Читаем Искусство беллетристики полностью

В реалистическом романе человек не может сопротивляться своей страсти, существует невероятное разнообразие жалоб персонажей, взывающих: «Бедный маленький я, я ничего не могу сделать». Здесь, хотя священник использует просящие выражения, вроде сжалься надо мной, это не тон жалобы.

Я всегда говорила о том, что роднит меня с Гюго. Теперь же я хочу установить определенную разницу между нами.

Во-первых, Гюго позволяет персонажу произносить о себе больше комментариев — причем авторских, — чем позволяю я. Например, священник говорит: «Но этот образ быстро тускнел и становился мрачным, зловещим, темным, как черный круг перед глазами, который долго преследует того, кто опрометчиво засмотрелся на солнце». Человек, повествующий о своей страсти, может использовать метафоры. Но здесь исповедующийся так литературен: он использует настолько элегантно построенные фразы, что обнаруживает присутствие самого Гюго в его словах. Это несколько умаляет убедительность образа священника, говорящего отчаянно и страстно.

Гюго менее заинтересован, чем я, в точном (хотя и условном) воссоздании реальности; он имеет тенденцию вмешиваться в ткань повествования, высказывая собственные представления, не ограничиваясь исключительно изображением. Это заметнее в описательных пассажах, чем в диалогах: в описаниях он часто высказывается заинтересованно — на грани обнаружения представлений, принадлежащих самому Гюго.
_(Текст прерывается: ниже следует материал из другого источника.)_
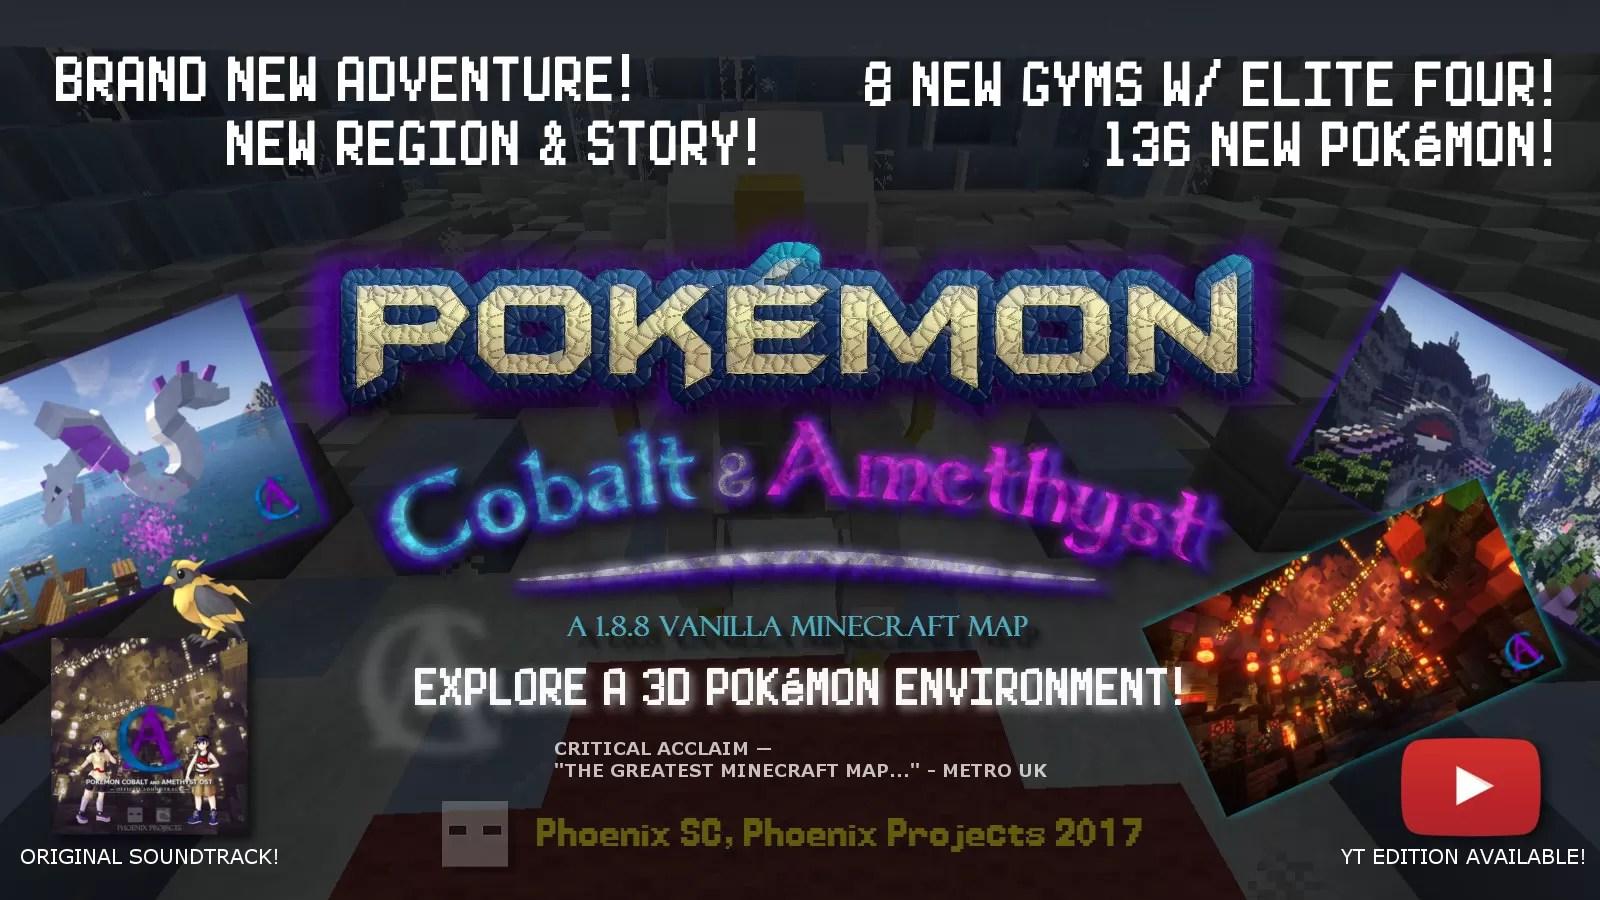 Pokémon Cobalt And Amethyst Map For Minecraft 1.8.8

Иногда он производит впечатление захватывающего оратора: его стиль блестящ, в нем всегда находится что-то яркое, красочное для характеристики явления. Но в этом случае он необъективен, он позволяет обнаруживать присутствие всезнающей личности в качестве рассказчика.

Большинство романистов девятнадцатого века поступали именно так. Они постоянно конъюнктурно высказываются, даже используя выражения типа «теперь, дорогой читатель, мы посвятим вас в тайну». Этот метод не может быть логически оправдан.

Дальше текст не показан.